There’s nothing quite like small-town newspapers, full of local history and anecdotes, promoting nearby sights, celebrating achievements big and small, and connecting people with needs to those who want to help.

As more newspapers crumble under the pressures of increasing costs and declining revenue, Michael Shepard (’85 Comm.) has found an unusual place to help resurrect that connection: magazines distributed by local electric utilities and broadband providers.

Michael Shepard in a cap stands by a river in a forest
Michael Shepard (Courtesy Michael Shepard/X)

Shepard is CEO of Pioneer Utility Resources, based in Hillsboro, Oregon. The 67-year-old communications cooperative helps more than 250 not-for-profit public utilities, broadband providers, and state associations communicate with their customers. Utilities from around the country and as far afield as Liberia, Africa, take advantage of the company’s expertise in publishing print materials, designing websites, running social media and marketing campaigns, and implementing 24/7 responses to outages and emergencies.

“Our biggest thing is our magazines,” Shepard says. In this age of digital media, “the growth has been stunning.” Ruralite and six other magazines, a mix of utility information and local content, are delivered to more than 1.4 million mailboxes from Barrow, Alaska, to Key West, Florida. “We are sometimes one of the few sources of local news,” Shepard adds.

Recent issues explored stargazing, hot- air balloons, a paralyzed teen who does barrel racing, and a company that makes elaborate cakes for hospitalized children. Northwest-focused Ruralite magazines ran a yearlong series on the changing face of rural health care and another on the robot revolution.

The “Readers Exchange” section prompted a group of women in Pendleton, Oregon, to collect buttons for a Walla Walla woman’s request for her granddaughter’s button collection. They keep on meeting monthly to socialize and fulfill other requests, from heirloom seeds to doll clothes.

“The history of electric utility publications is fascinating,” Shepard says. “In the early days of installation of electricity, there was no profit for electric companies running wire over so many miles in rural areas. So farmers started not-for-profit entities to electrify their areas, federal government gave loans, and there was a substantial aspect of altruism within the co-ops. The same thing is happening with broadband.”

A desire to get back to a rural lifestyle prompted Shepard’s move to Pioneer in 2016, after 31 years in the traditional news business. He and his wife, Rhonda (’87 Socio.), live on a 20-acre hobby farm outside Hillsboro with dogs, goats, and chickens.

He started his journalism journey in the small town of Friday Harbor, where he edited the high school newspaper, and continued at WSU as reporter and then managing editor at the Daily Evergreen. After college, he took a job with what’s now the Moscow-Pullman Daily News.

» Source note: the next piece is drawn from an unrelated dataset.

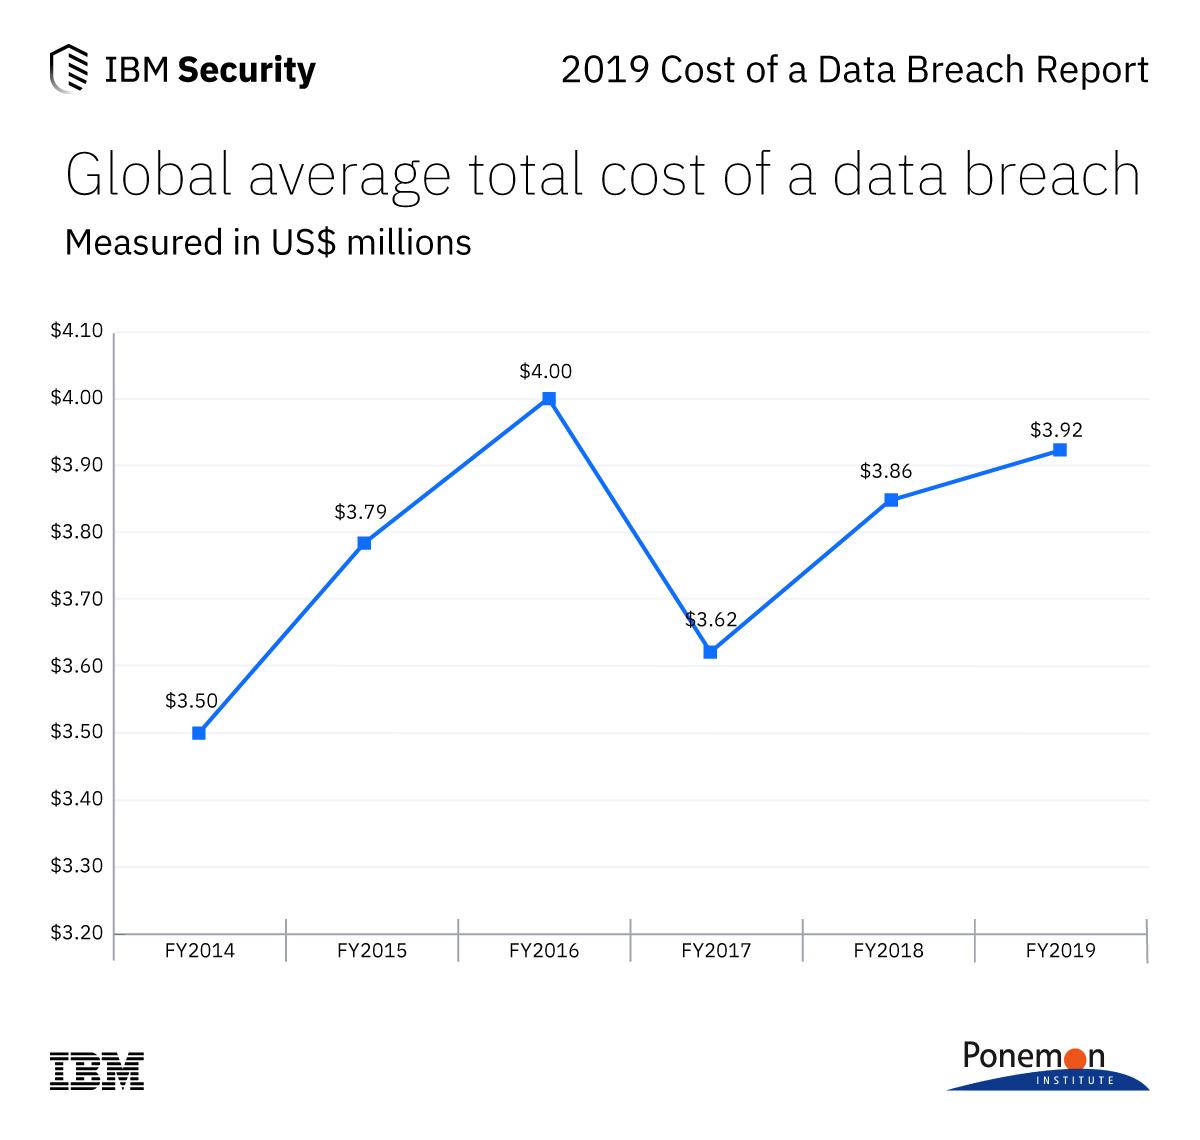 2019 Cost of a Data Breach Report

In his next small town, Silverdale, he edited the Reporter newspaper, and was eventually promoted to managing editor of 16 Washington newspapers run by Sound Publishing. “I kept asking questions about advertising and distribution, and so they said, ‘Why don’t you try running the Port Orchard Independent?’” he remembers. “I felt I had more business sense than reporting skills, and you end up where your skills take you.”

After almost 12 years with Sound Publishing, his business acumen and love for local news led him to the Seattle Times Company, where he served as publisher of the Walla Walla Union-Bulletin and the Yakima Herald-Republic. He rose to senior vice president of business operations for the Seattle Times, overseeing circulation, buildings, presses, and human resources, then held a senior management position with Wick Communications.

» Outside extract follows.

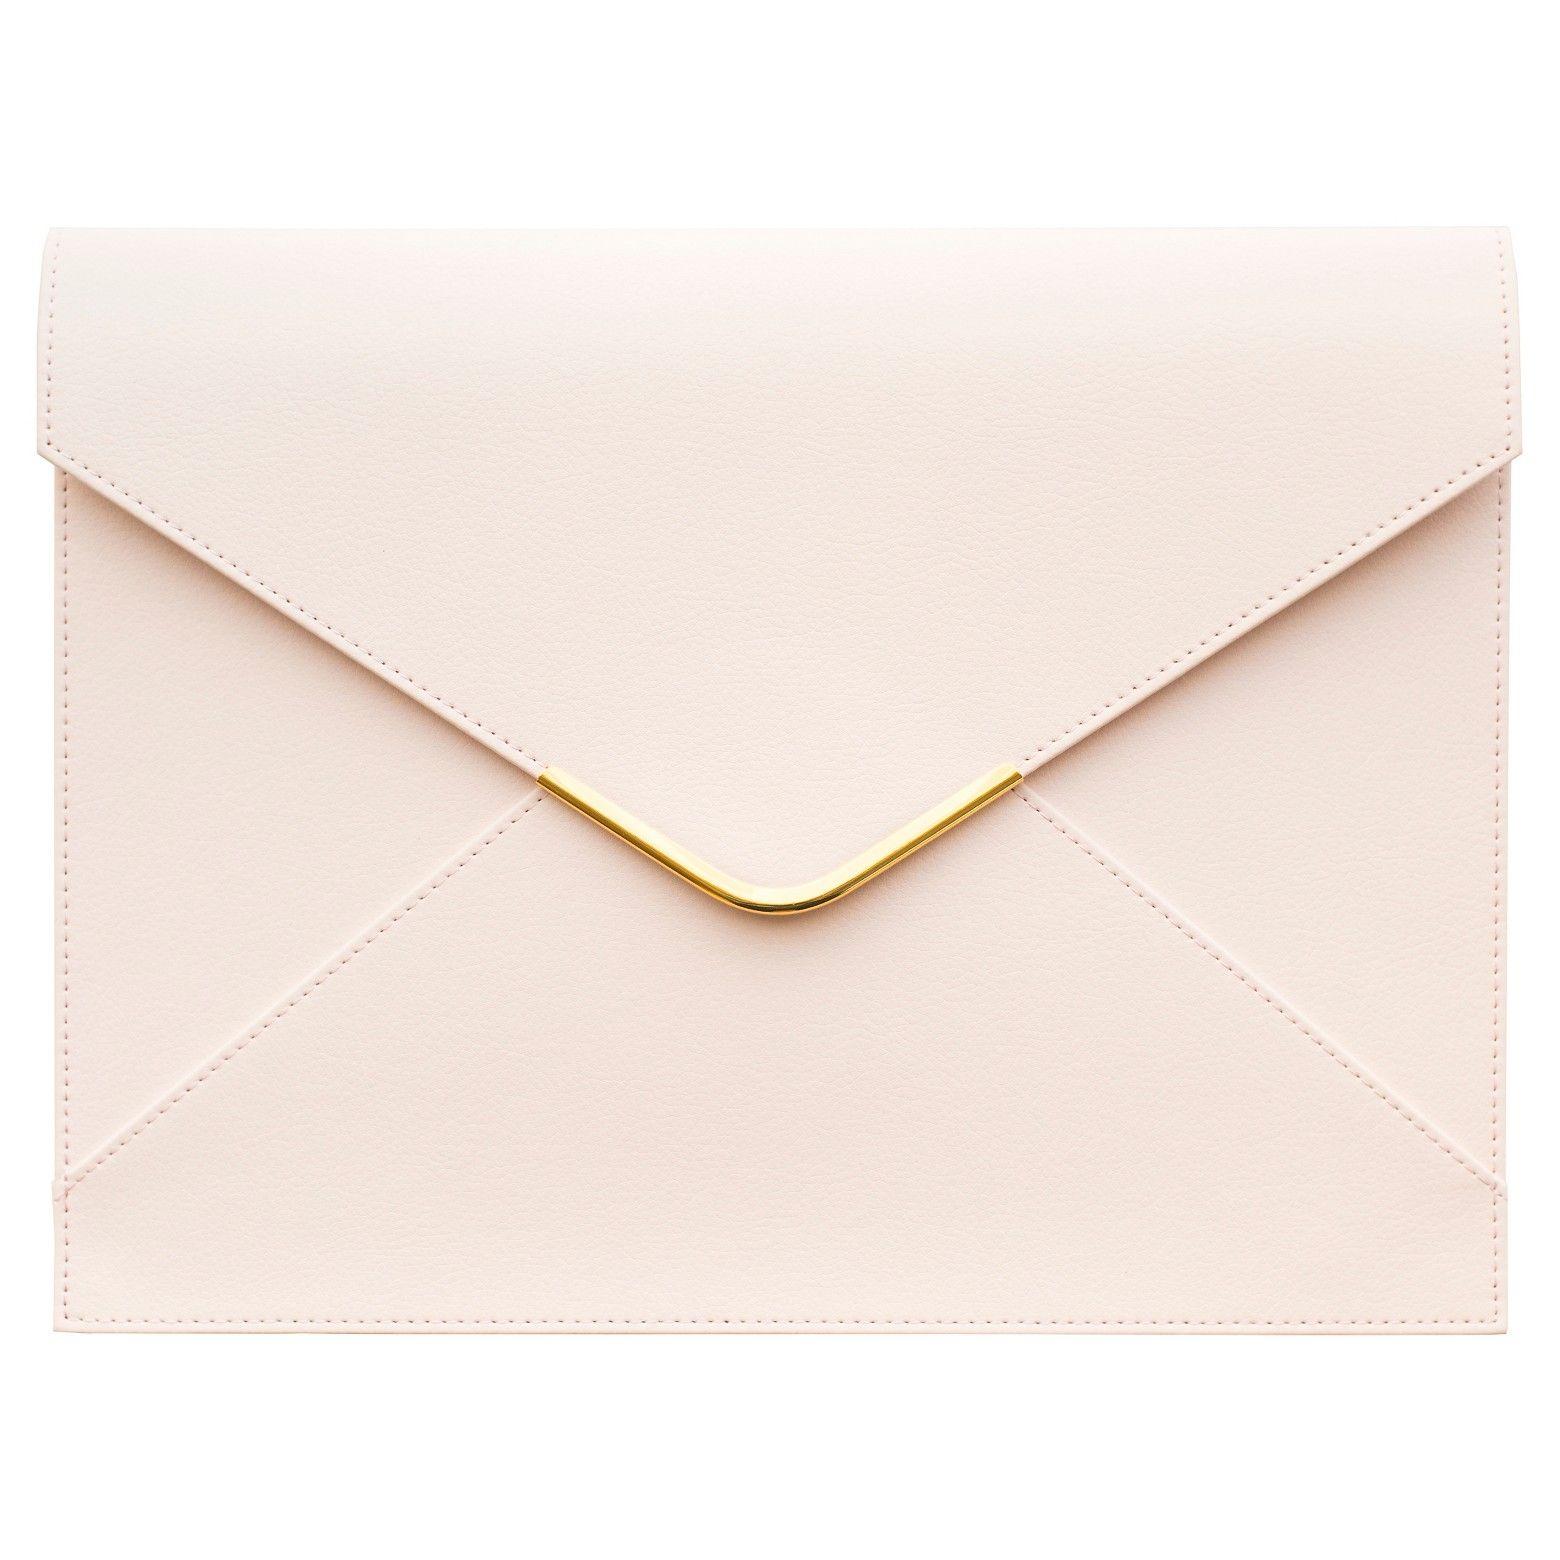 Sugar Paper Has Reintroduced The Envelope Document Holder

At Pioneer, he manages about 100 communications, digital, and energy efficiency professionals. “My goal is to unleash the talent of the team,” says Shepard, using baseball to describe his management style.

“In baseball, there are five key tools that a non-pitcher can have: hitting for average, hitting for power, speed on the basepaths, fielding ability, and throwing-arm strength. Having all five tools at a major-league level is exceedingly rare. The key to success in baseball, as it is in building a company, is building a successful team that can give you those skills where and when they are needed⁠—a collection of two-, three-, and four-tool players.

“I’m not a five-tool CEO, but I think I am decent at assembling good teams and leveraging those major-league skill sets.”